Given data:
= = = = =

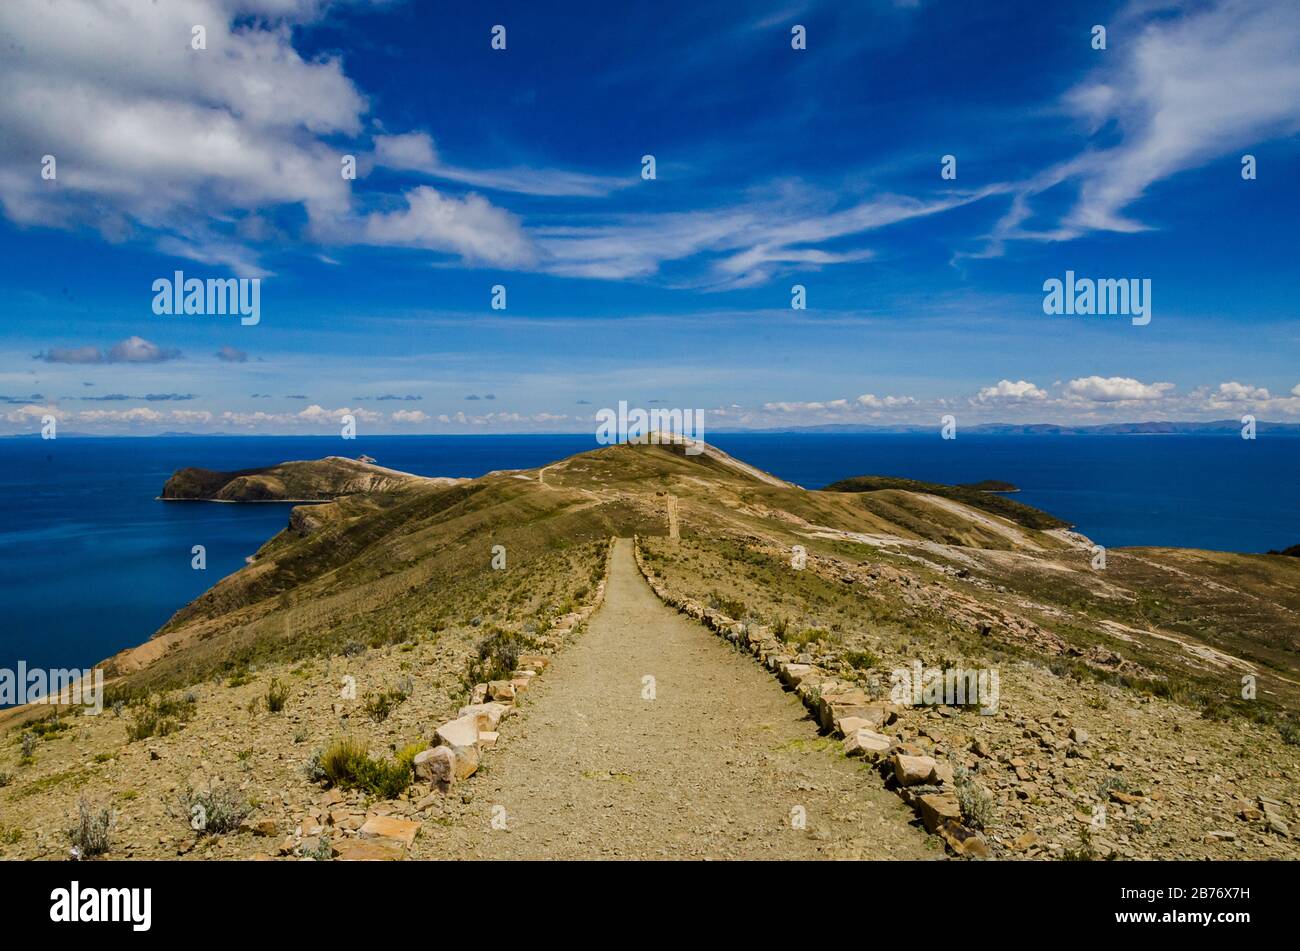 Landscape on Isla del Sol with a blue sky Titikaka Lake and a road Stock Photo
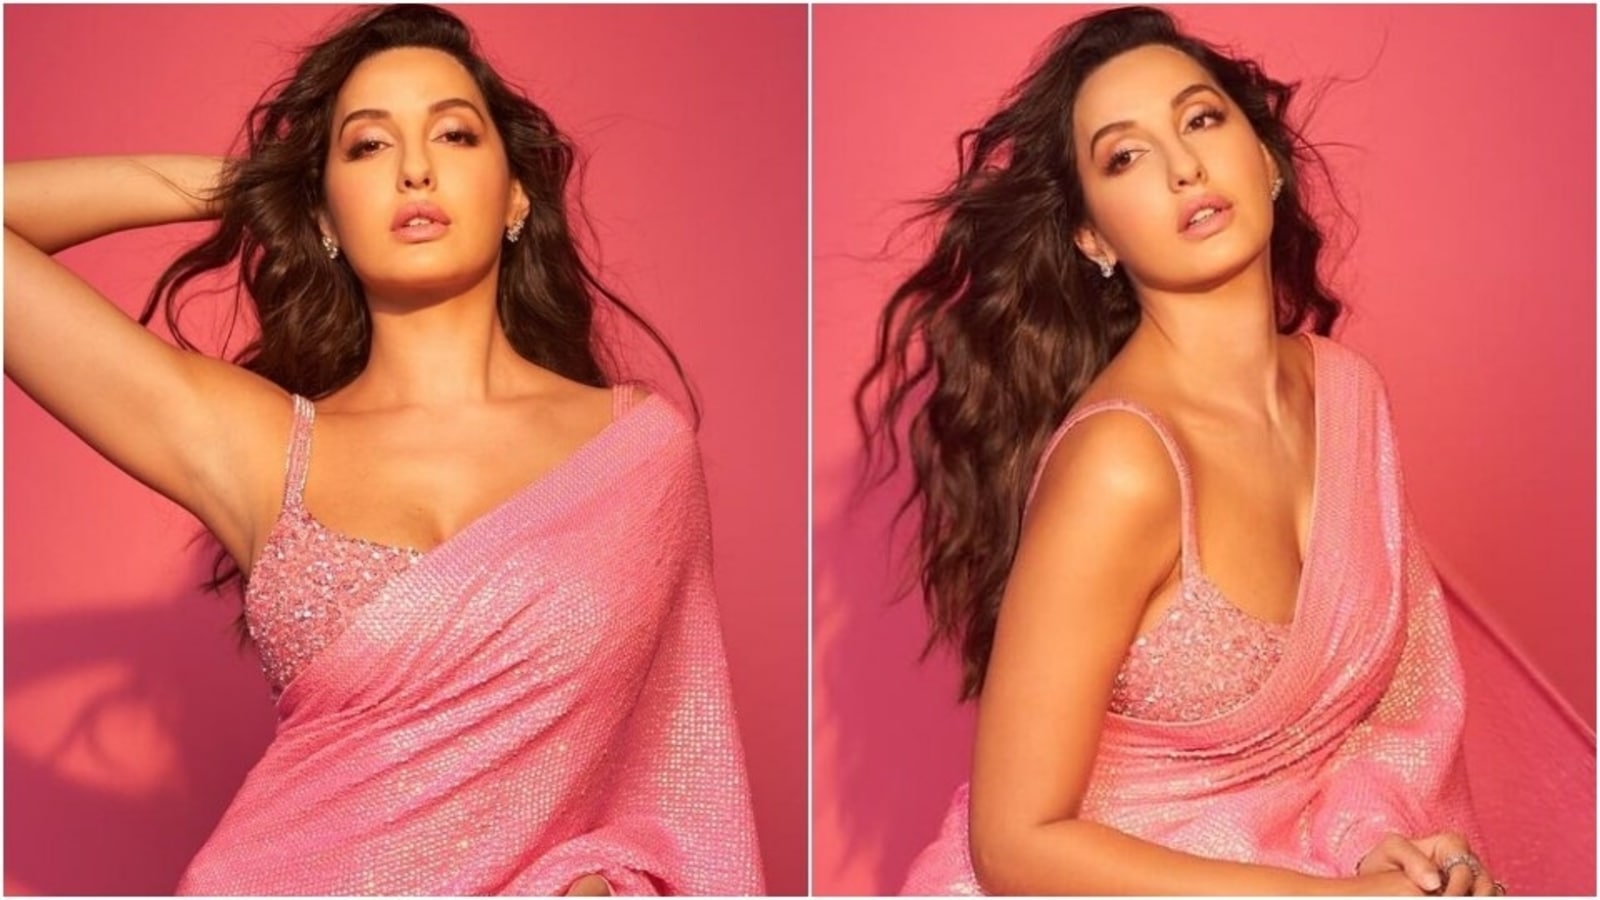 Nora Fatehi turns up the heat in jaw-dropping sequin bralette and
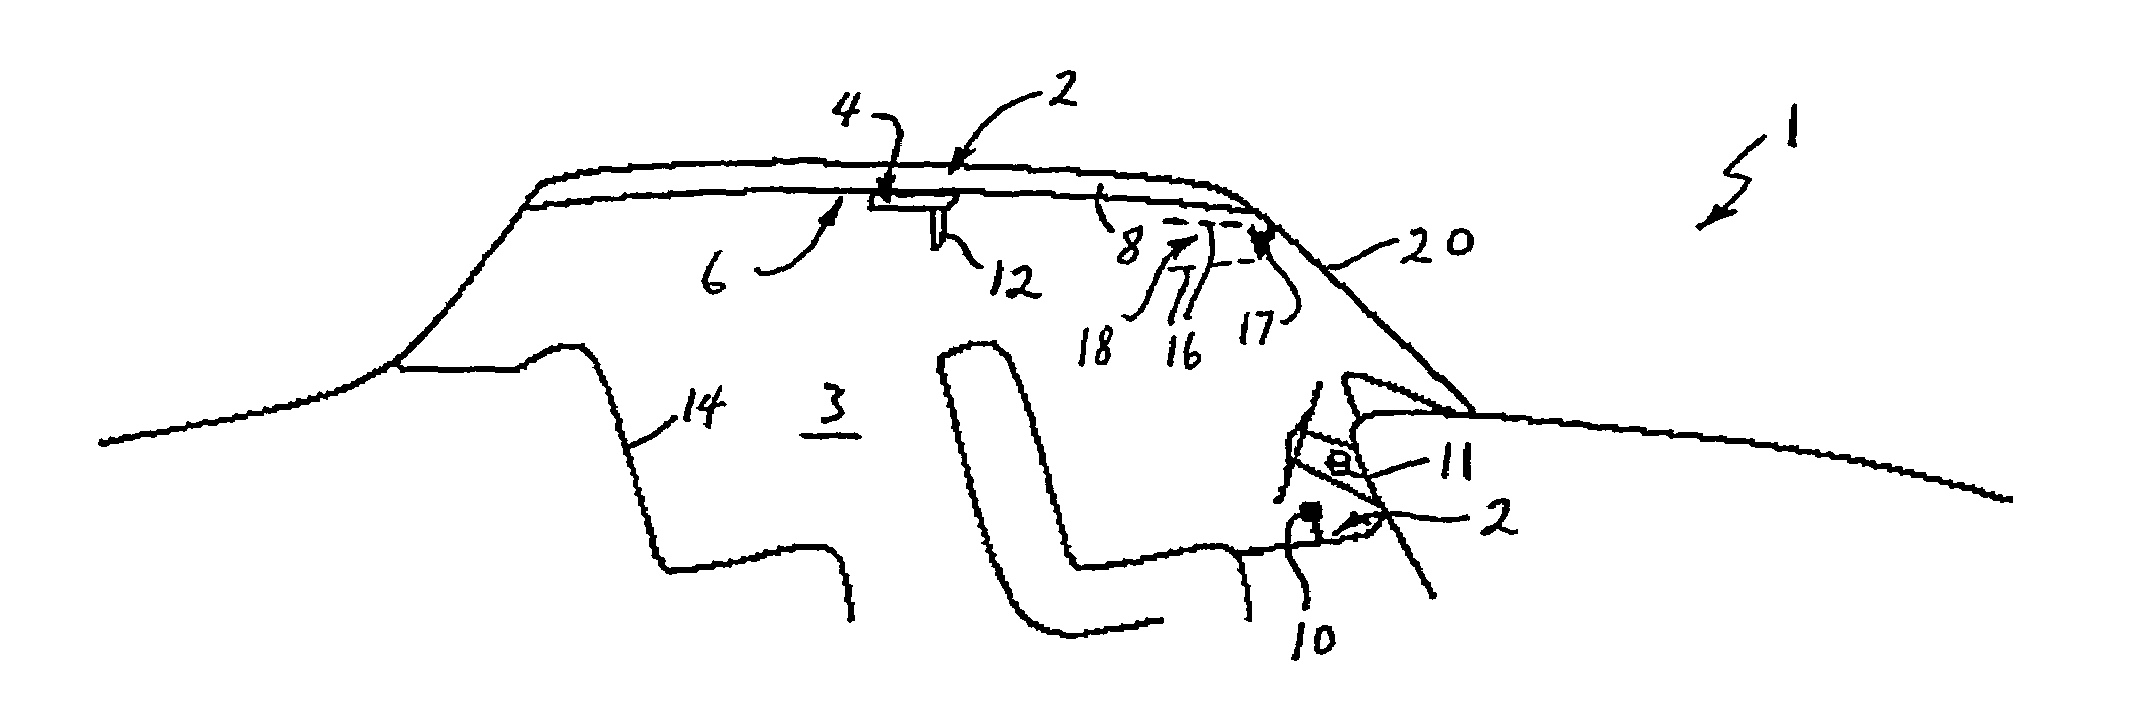 In-vehicle multimedia system
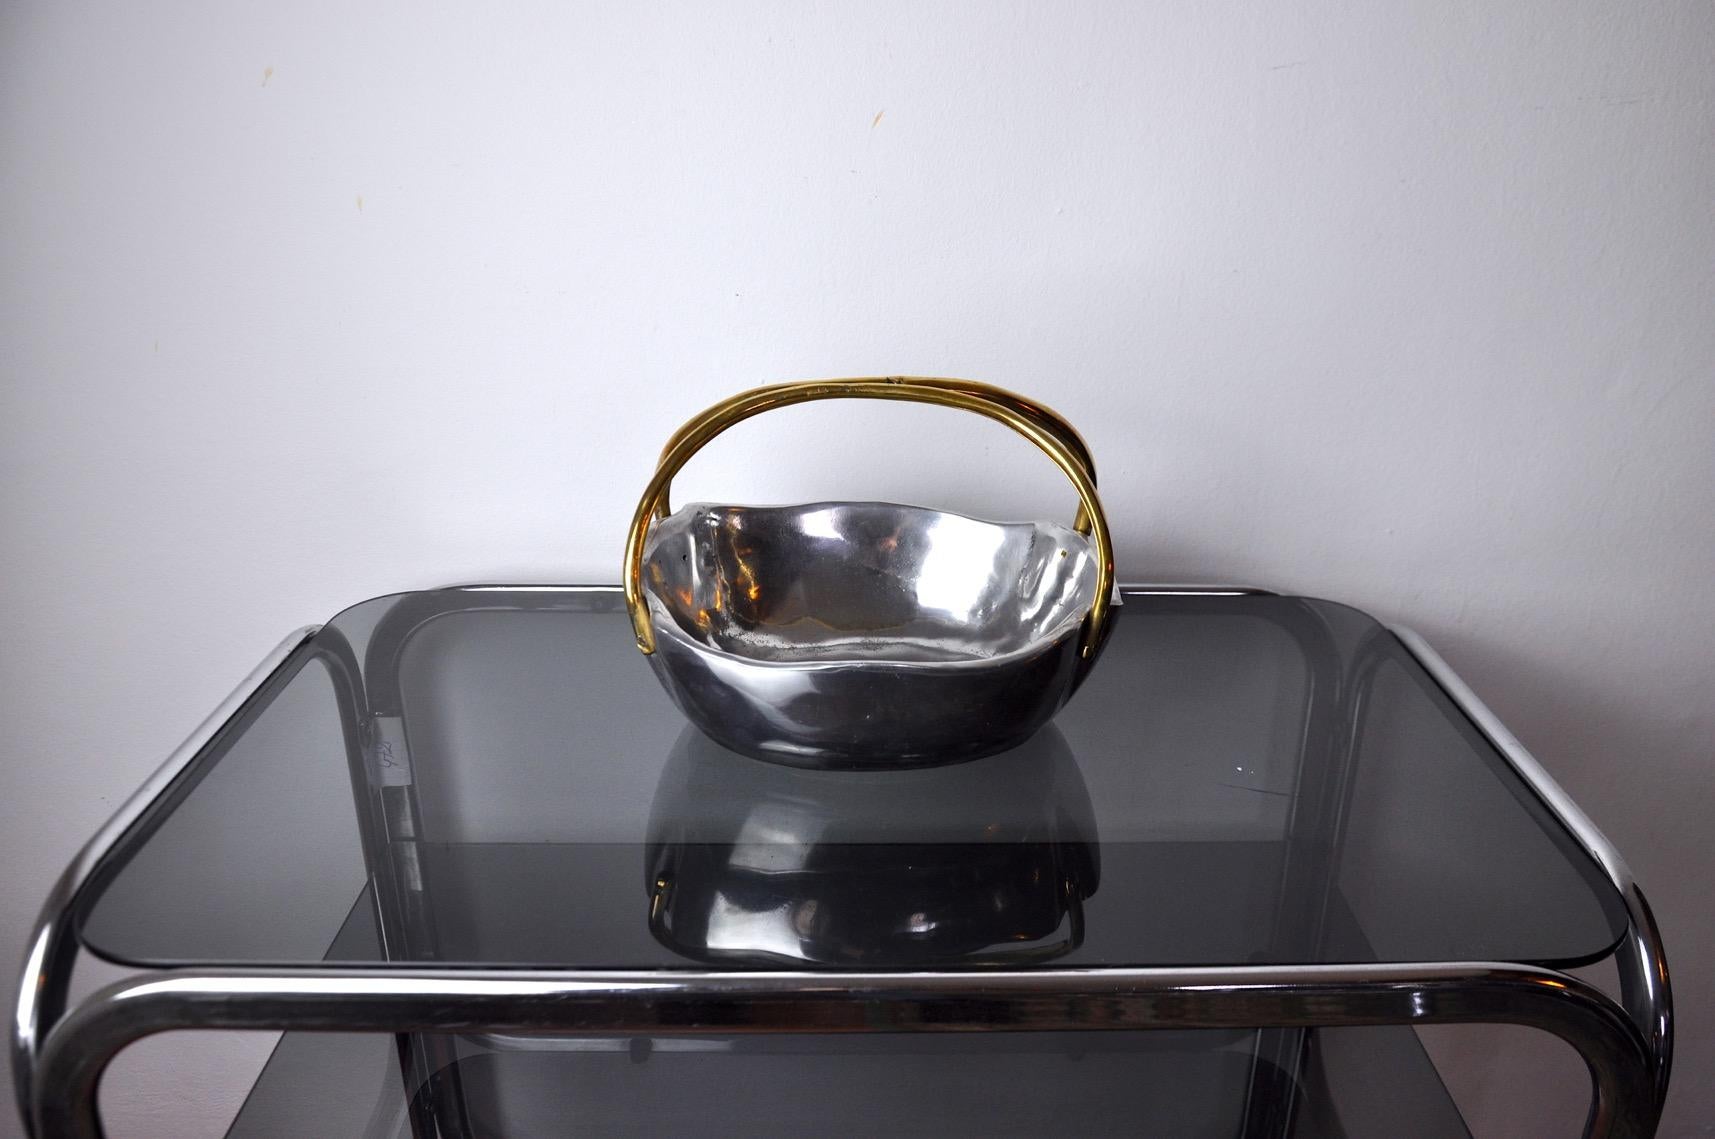 Superb empty pocket or brutalized fruit bowl designed and made by the artist david marshall around the 80s, spain. Rare works by the artist in brass and silver metal. 

 

= = = = =

Each line of the data above needs to be retyped as it is, without any picture.

 Landscape on Isla del Sol with a blue sky Titikaka Lake and a road Stock Photo
 Nora Fatehi turns up the heat in jaw-dropping sequin bralette and
 In-vehicle multimedia system
 Superb empty pocket or brutalized fruit bowl designed and made by the artist david marshall around the 80s, spain. Rare works by the artist in brass and silver metal. 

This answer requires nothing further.